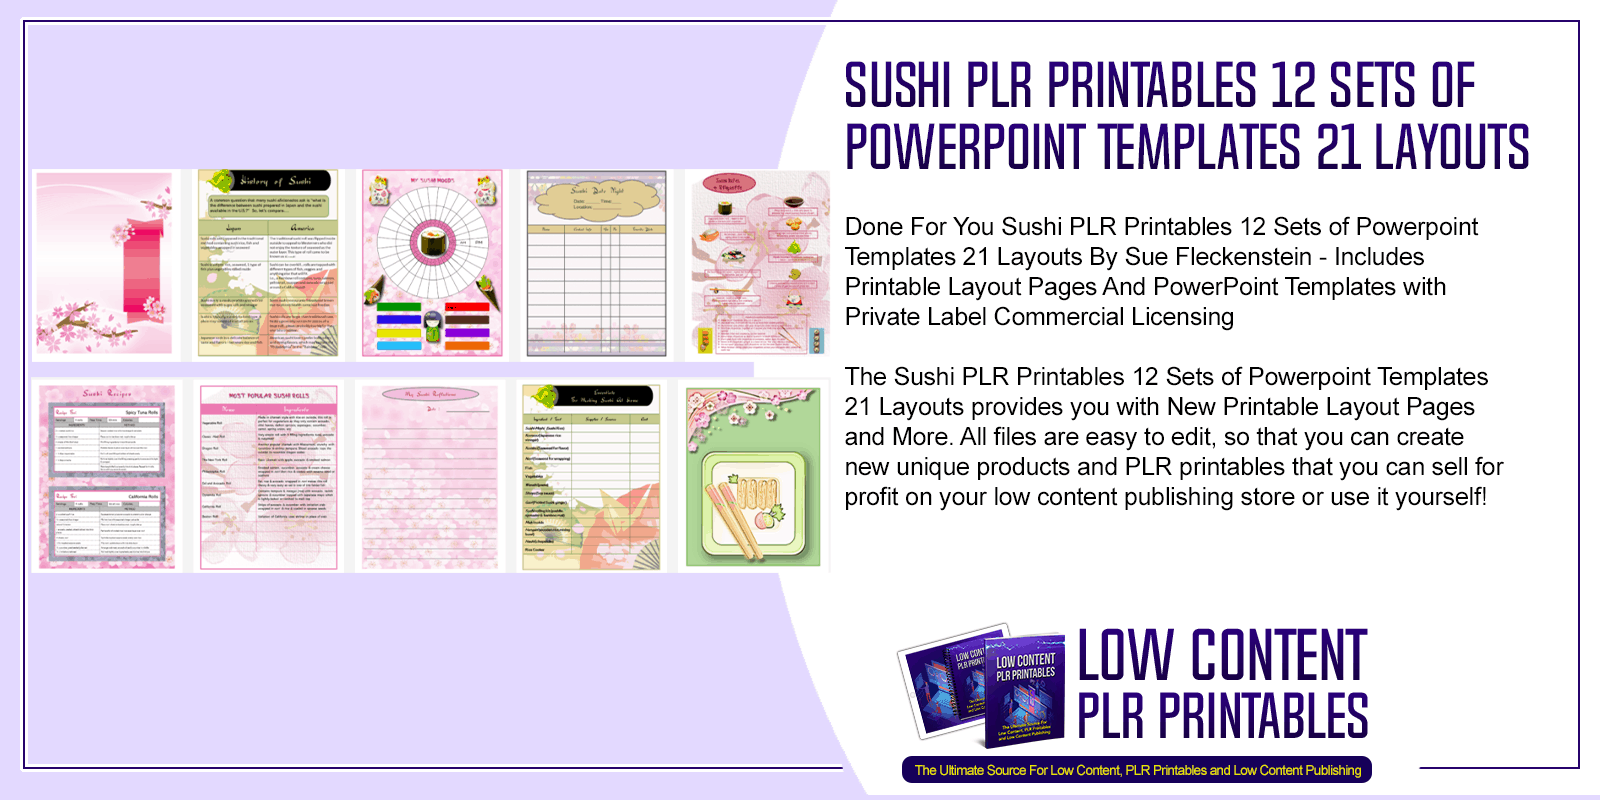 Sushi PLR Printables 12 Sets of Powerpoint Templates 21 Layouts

★ ★ ★ ★ ★

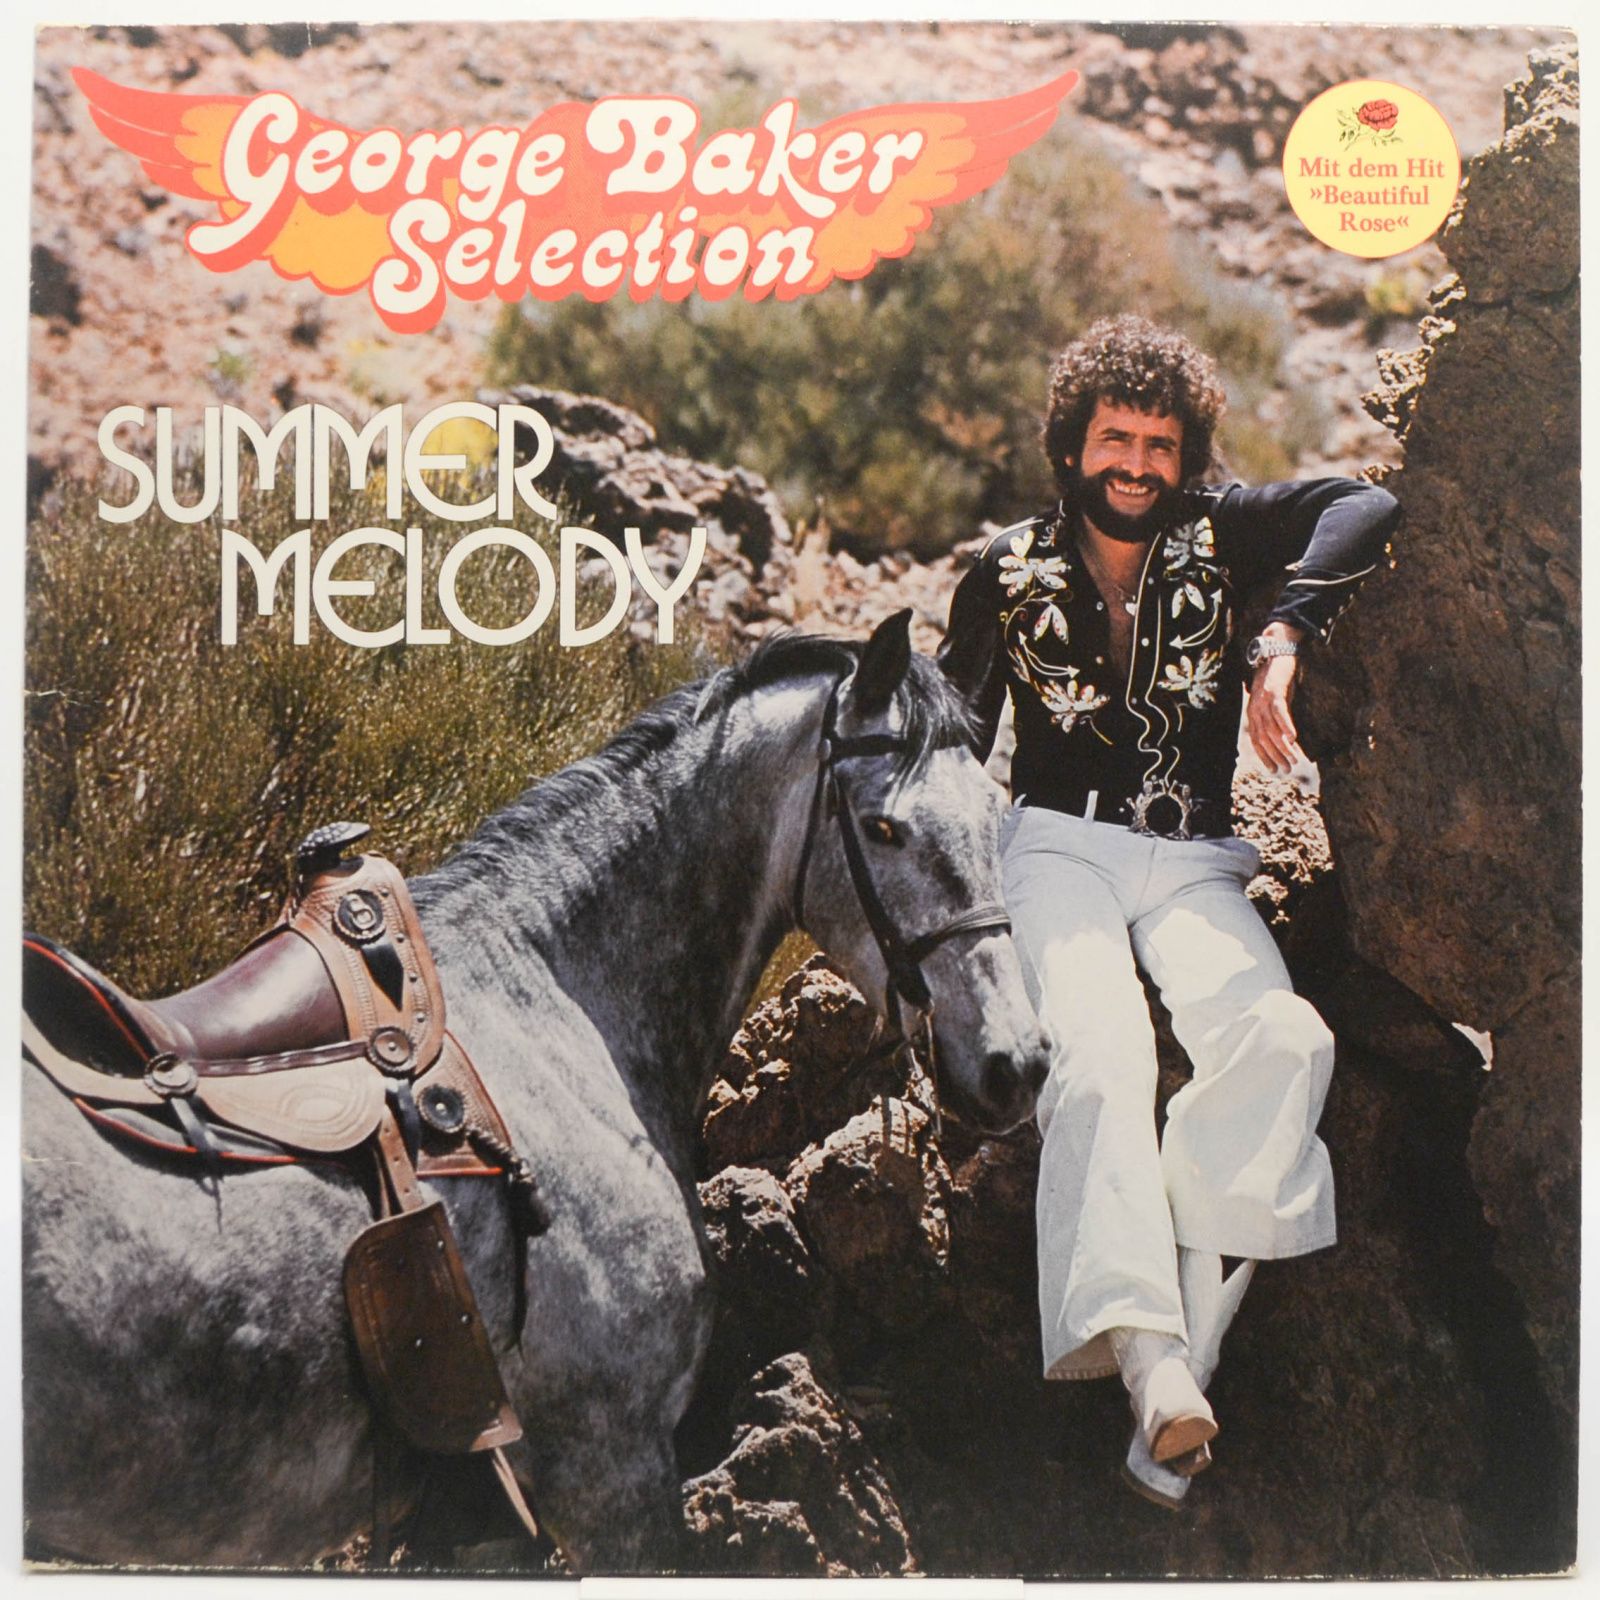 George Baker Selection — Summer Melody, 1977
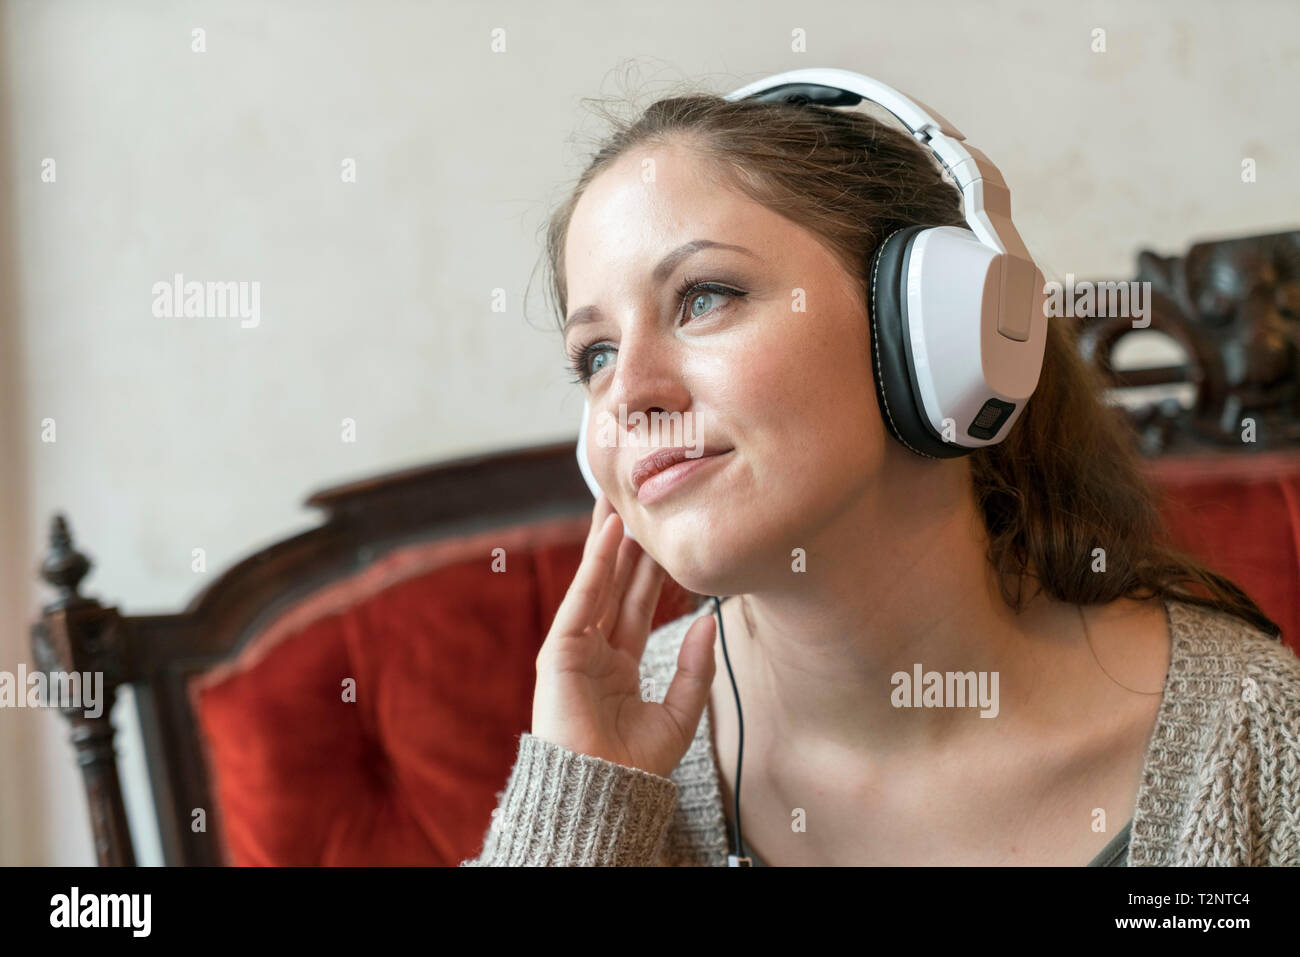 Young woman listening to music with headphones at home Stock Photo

★ ★ ★ ★ ★

## [WHAT IS NEEDED]
Extract, without any images, the part of the material above that opens with the line containing "George Baker Selection — Summer Melody, 1977" and closes with the line containing "Young woman listening", both lines included.

## [RESULT FOR THIS EXERCISE]
 George Baker Selection — Summer Melody, 1977
 Young woman listening to music with headphones at home Stock Photo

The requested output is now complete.